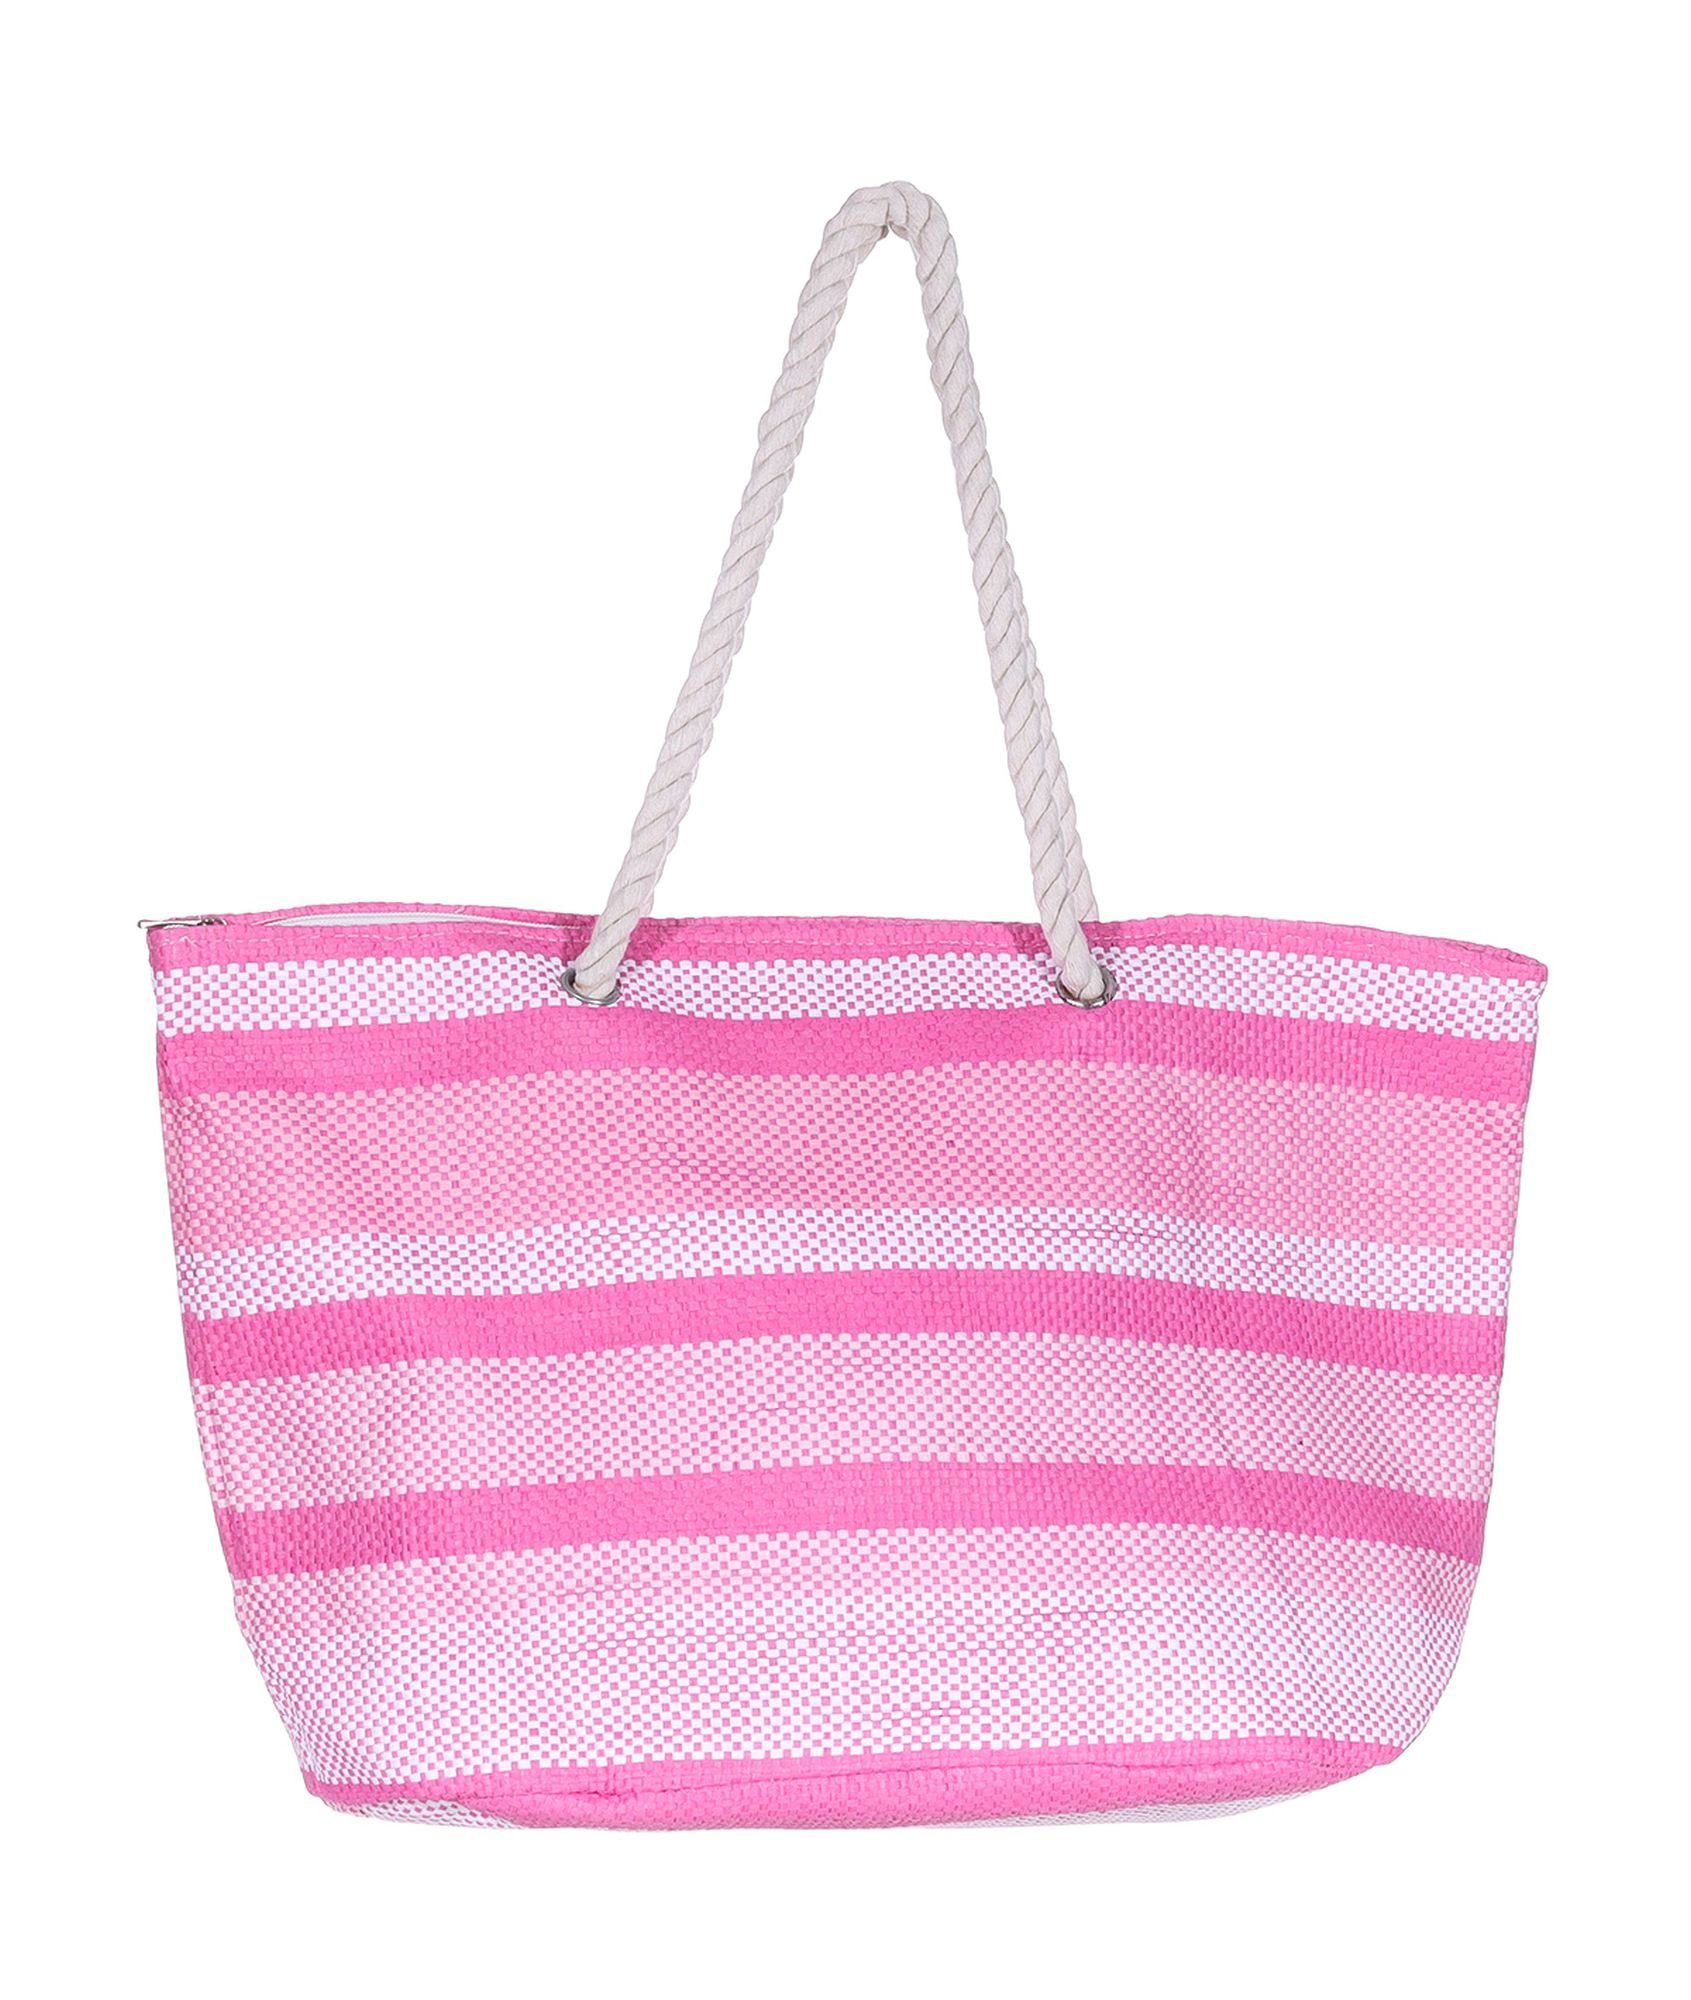 Silkroda Badetasche Tasche Weiß Strandtasche - Markenwarenshop-Style Shopper Pink Rosa gestreift
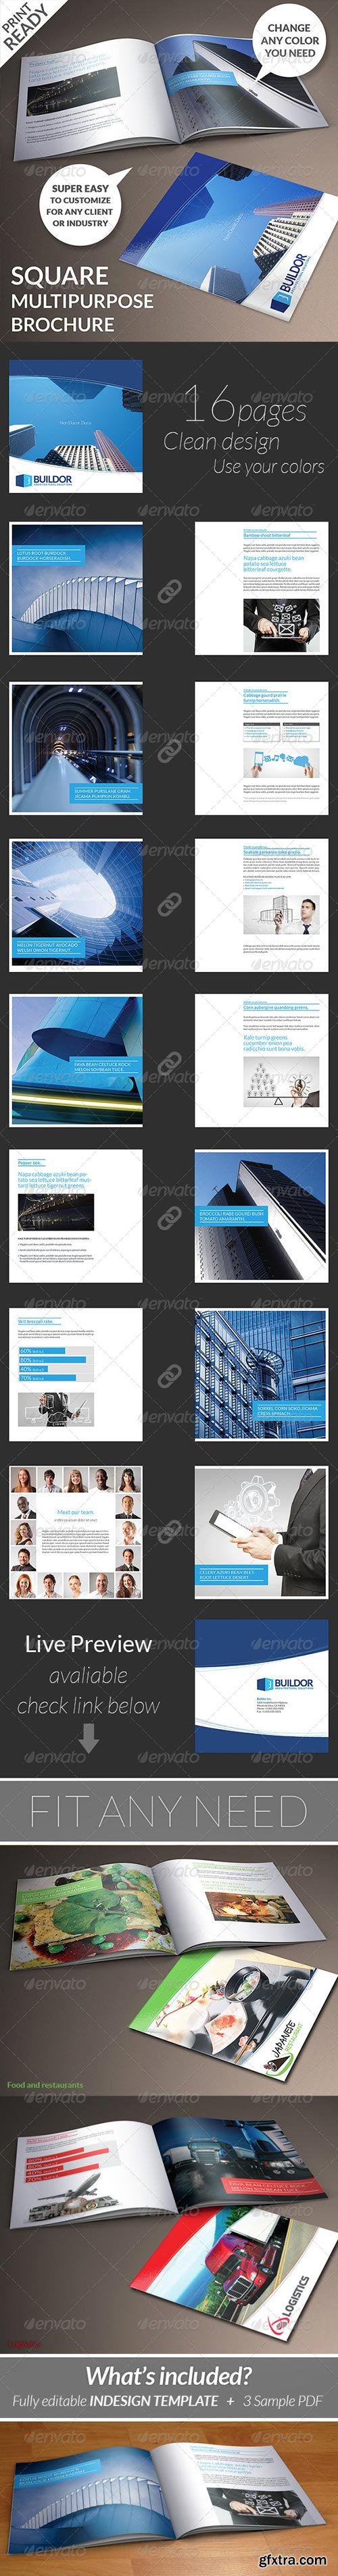 GraphicRiver - Square Multipurpose Brochure 6261834
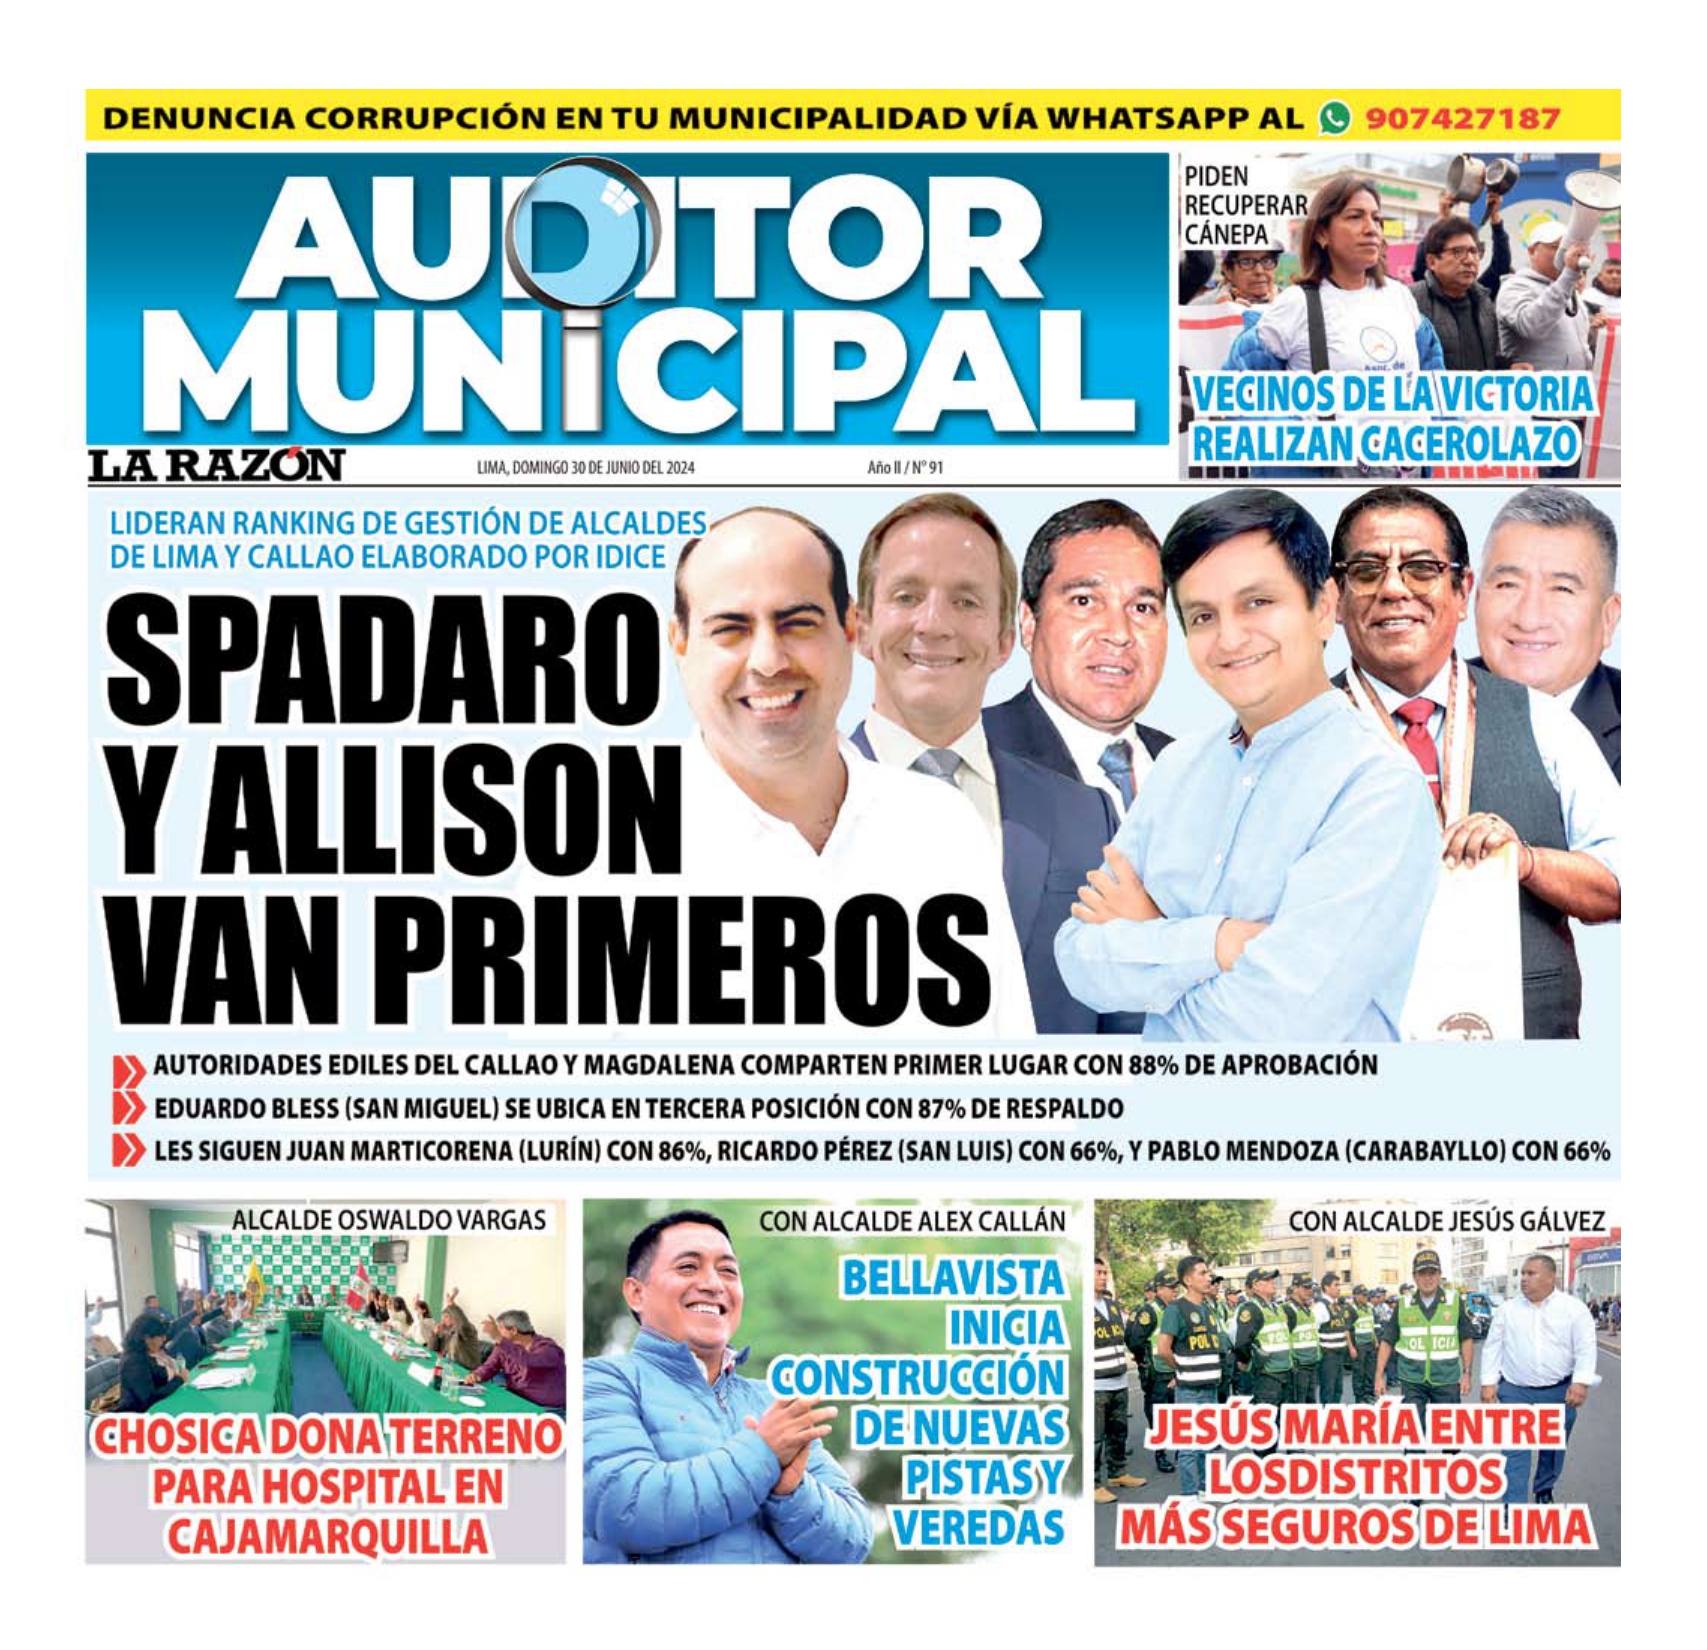 Auditor Municipal: Ranking de gestión de alcaldes de Lima y Callao
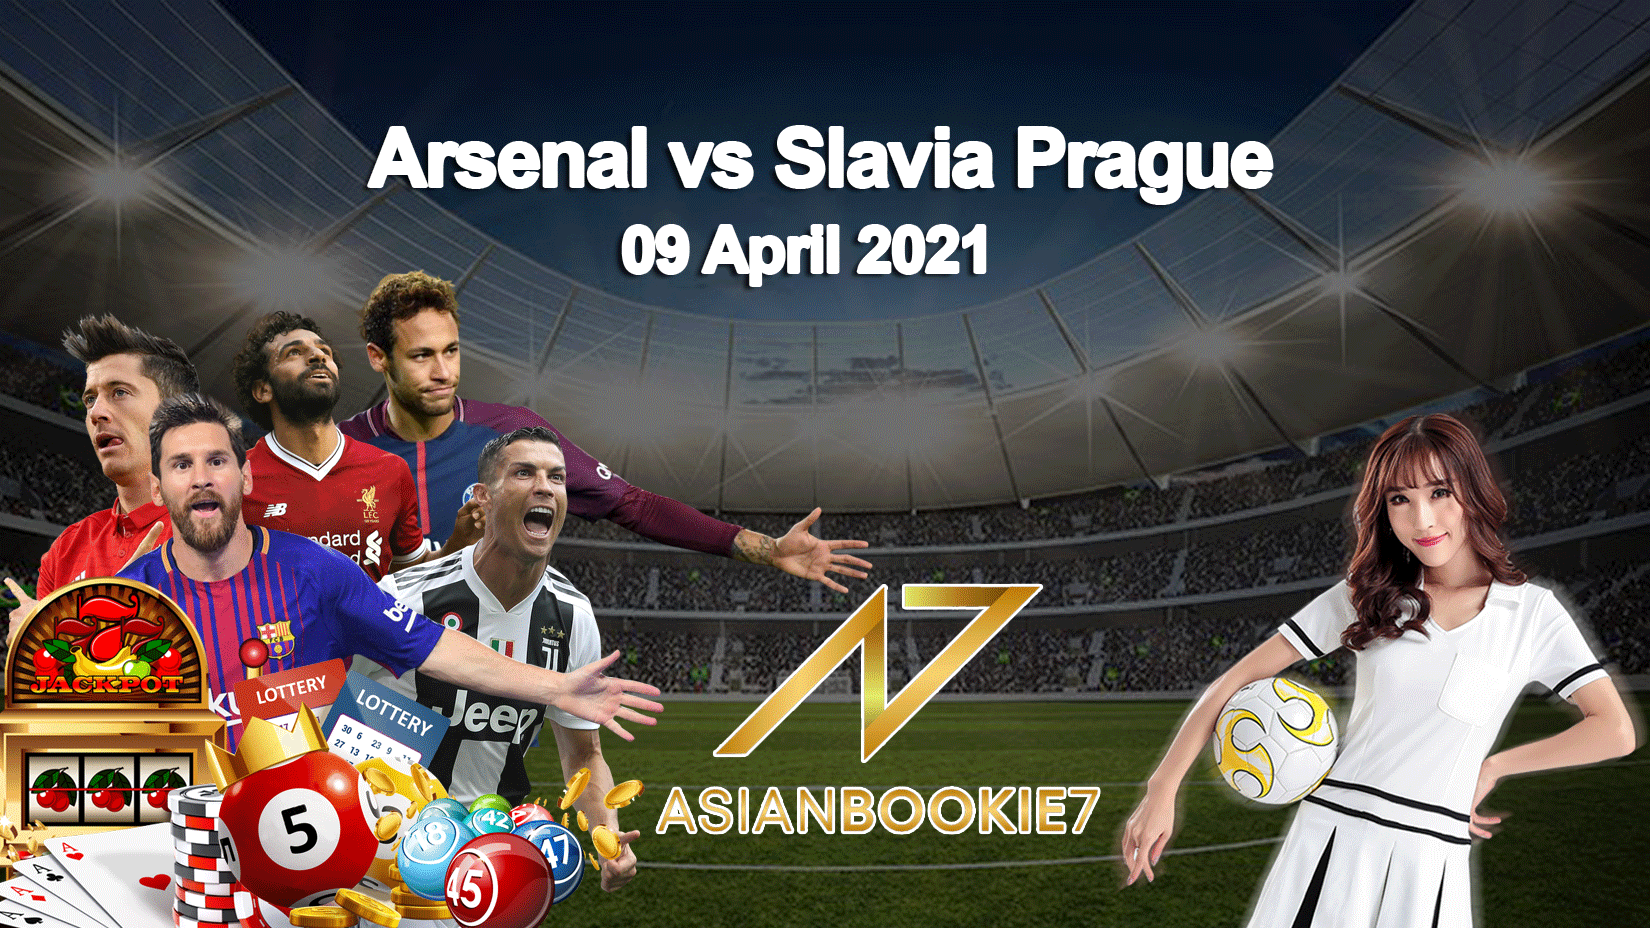 Prediksi-Arsenal-vs-Slavia-Prague-09-April-2021

▸ WHAT THE TASK ASKS: Restate word for word, and only, the lines from the line that contains "GraphicRiver - Square" through the end of the data, both included; pictures are not part of the copy.

▸ RESPONSE TO THIS TASK:
 GraphicRiver - Square Multipurpose Brochure 6261834
 Auditor Municipal: Ranking de gestión de alcaldes de Lima y Callao
 Prediksi-Arsenal-vs-Slavia-Prague-09-April-2021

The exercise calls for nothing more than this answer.